Okosodo et al.
Greener Journal of Agricultural Sciences, Vol. 6 (1), pp. 017-027, January 2016.
Manuscript Number: 11316006
Avifauna Species Diversity of Covenant University Otta South Western Nigeria
Okosodo E.F., Orimaye J.O. and Obasogie F.O.
Department of Ecotourism and Wildlife Management, Federal University of Technology, PMB 1054, Akure, Ondo State Nigeria.
Forestry, Wildlife and Fisheries Management Department, Ekiti State University Ado-Ekiti, Ekiti State Nigeria.
Edo State College of Agriculture, Iguoriakhi Edo State Nigeria.

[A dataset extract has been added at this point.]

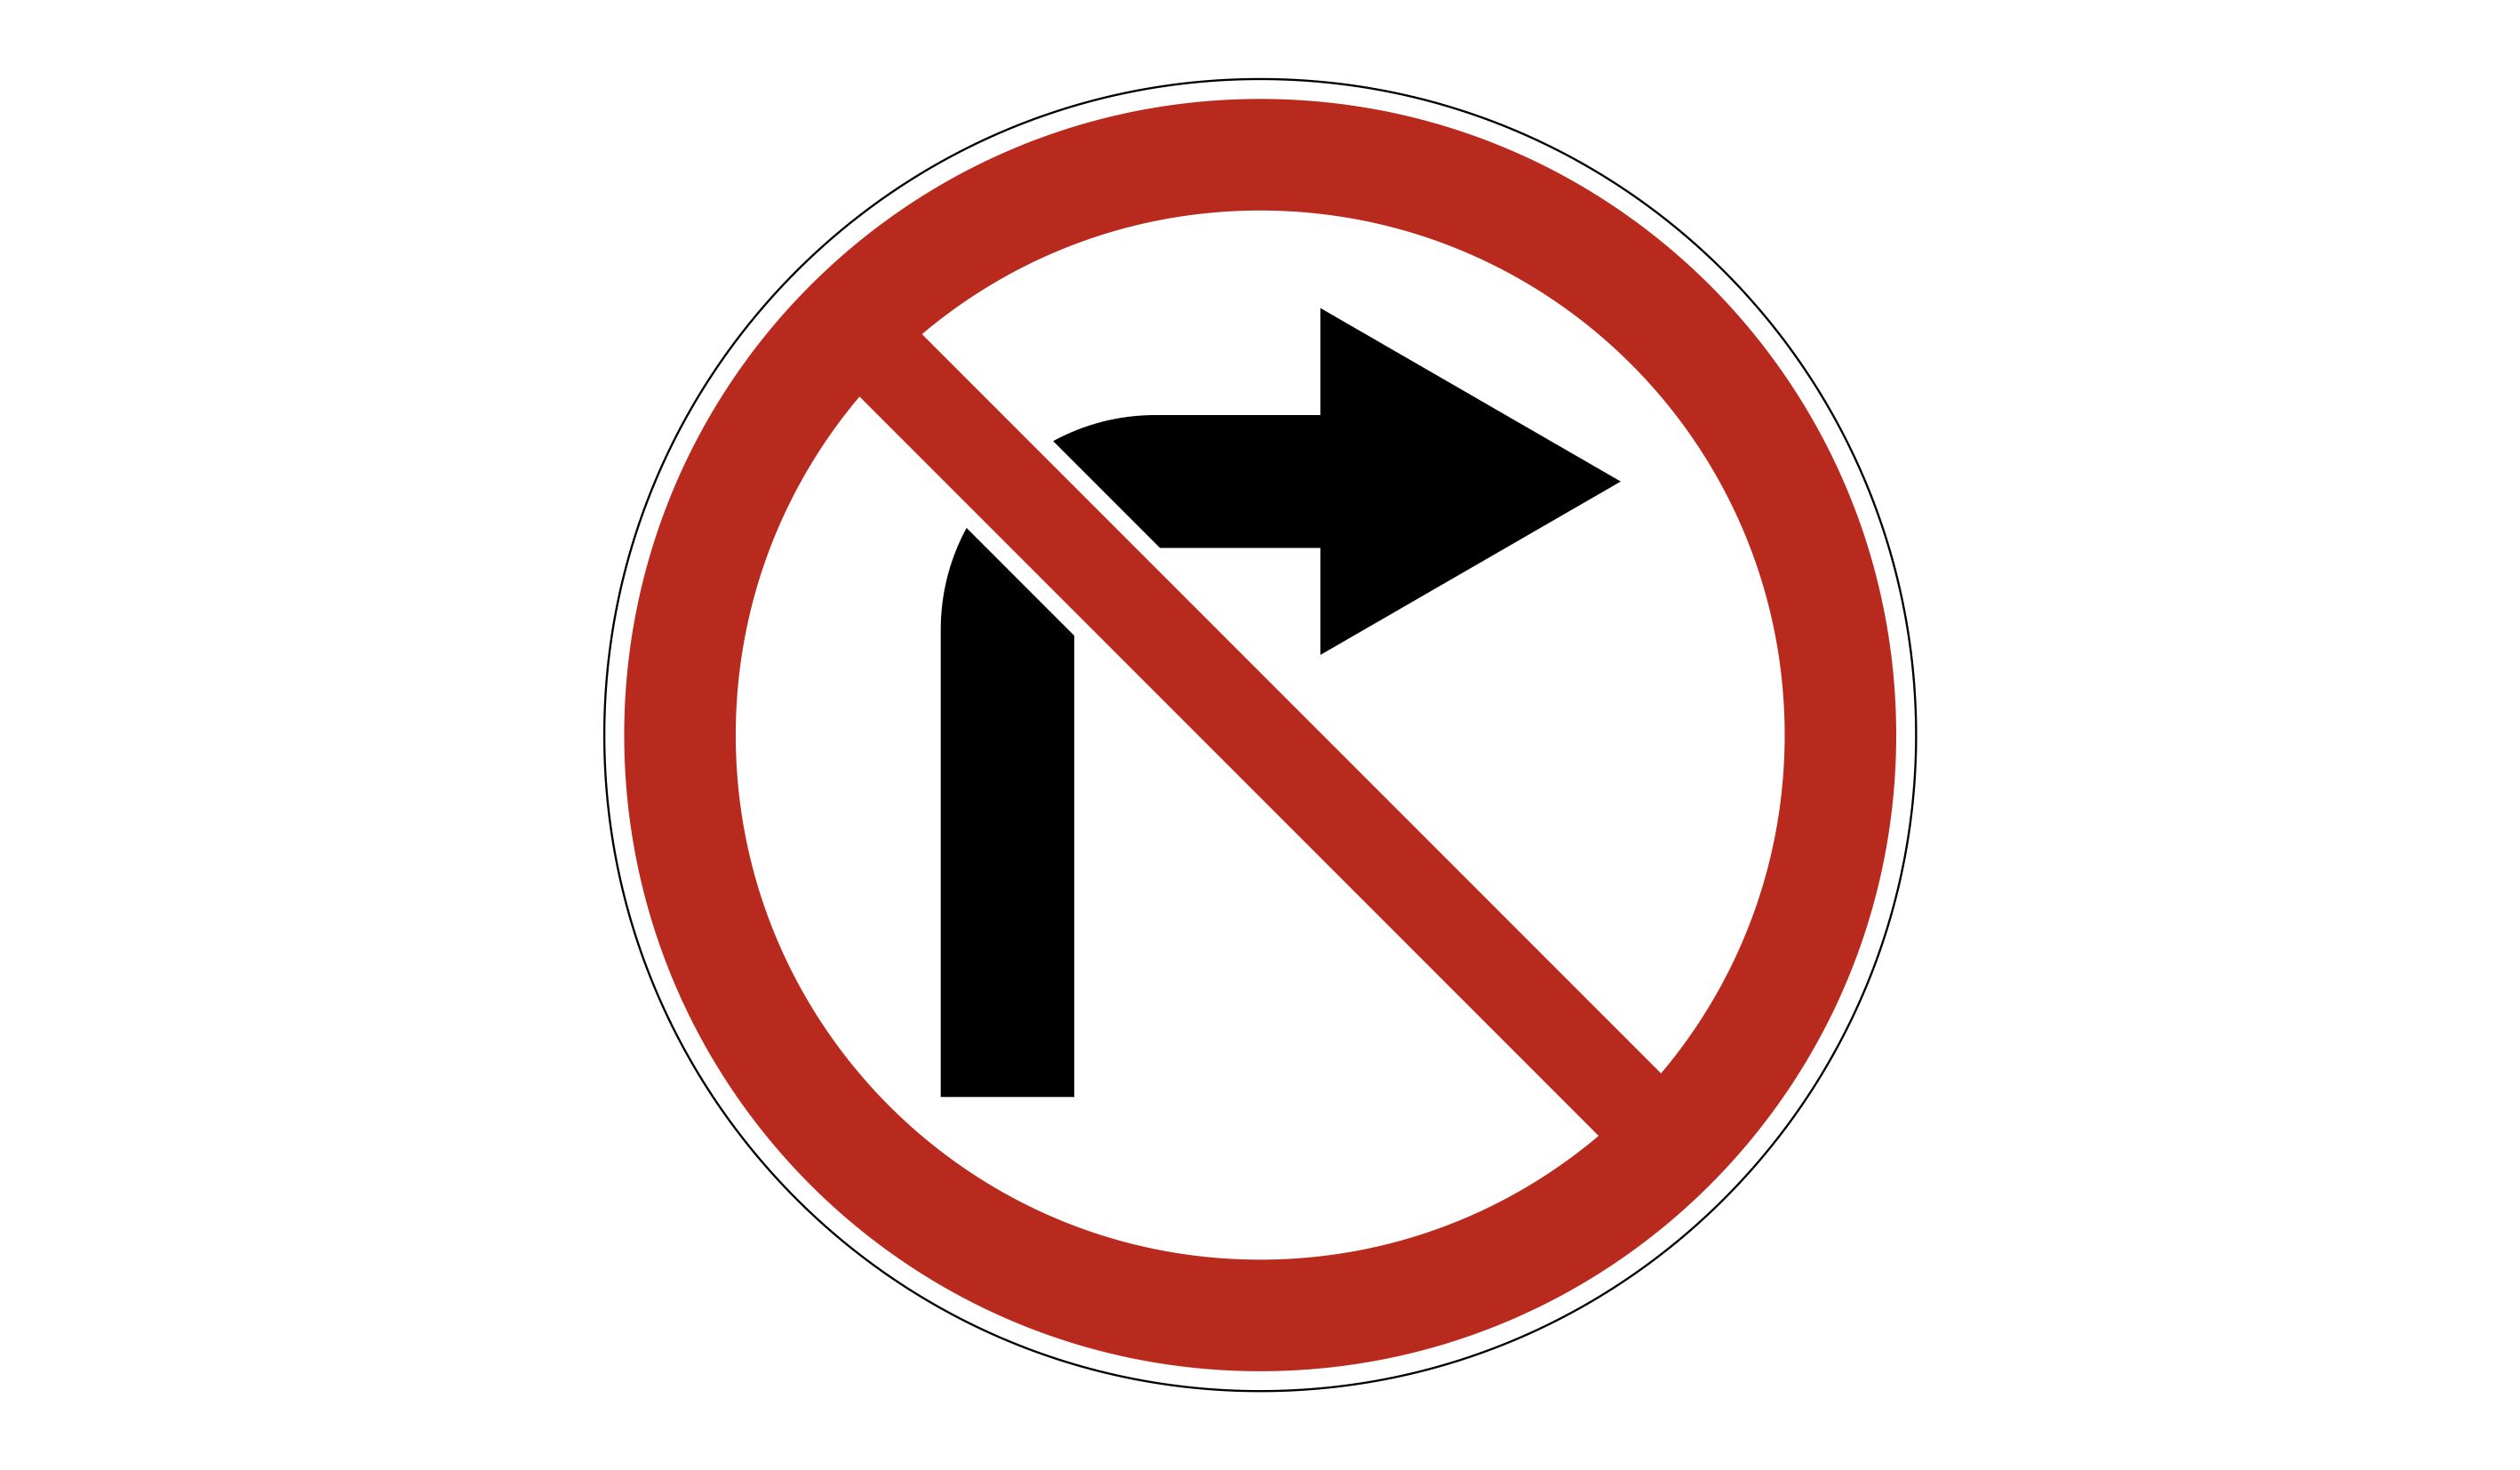 Вправо не ходить. Поворот направо запрещен дорожный знак. 3.18.1 Поворот направо запрещен. Знак 3.18.1. Знак 3.18.2 поворот налево запрещен.

This study examined the avifauna diversity of Covenant University Ota South Western Nigeria. The study area was divided into three blocks based on their different land use types. A total of 30 counting stations was used, and10 stations per each study site. Counting bands of 50m radius was used for all the stations. Forty one bird species were recorded in the Developed Area, Sixty six (66) bird species in the Farmland and fifty (98) species encountered in the forest area. In all, a total of 104 bird species belonging to 33 families and 13 orders were recorded, The Order Passeriformes had the highest frequency (56 %) of the entire number of birds recorded, while the dominant family was Pycnonotidae, comprising (9.2 %) of the total species One rare bird species, Grosbeak weaver and 3 species of the malimbe were recorded From the result of the relative abundance of bird species obtained Pied Crow has the highest of (0.74) followed by Cattle Egret (0.53) in the Developed Area, Black Headed Weaver has the highest (0.16) followed by Cattle Egret (0.14) in the Farm Land while Common Bulbul had the highest in the Fallow Area. The Developed Area had the highest relative abundance of (1.723), Fallow Area (0.474 and Farmland (0.437). From the result obtained on the bird species diversity index Fallow Area had the highest diversity index in both seasons of the 4.218 in the dry season and 3.893 in the wet season while Developed area had the lowest 3.298 and 2.6.
Key words: Home Range, Urban Development, Avian Species, Agricultural intensification and Habitat Fragmentation.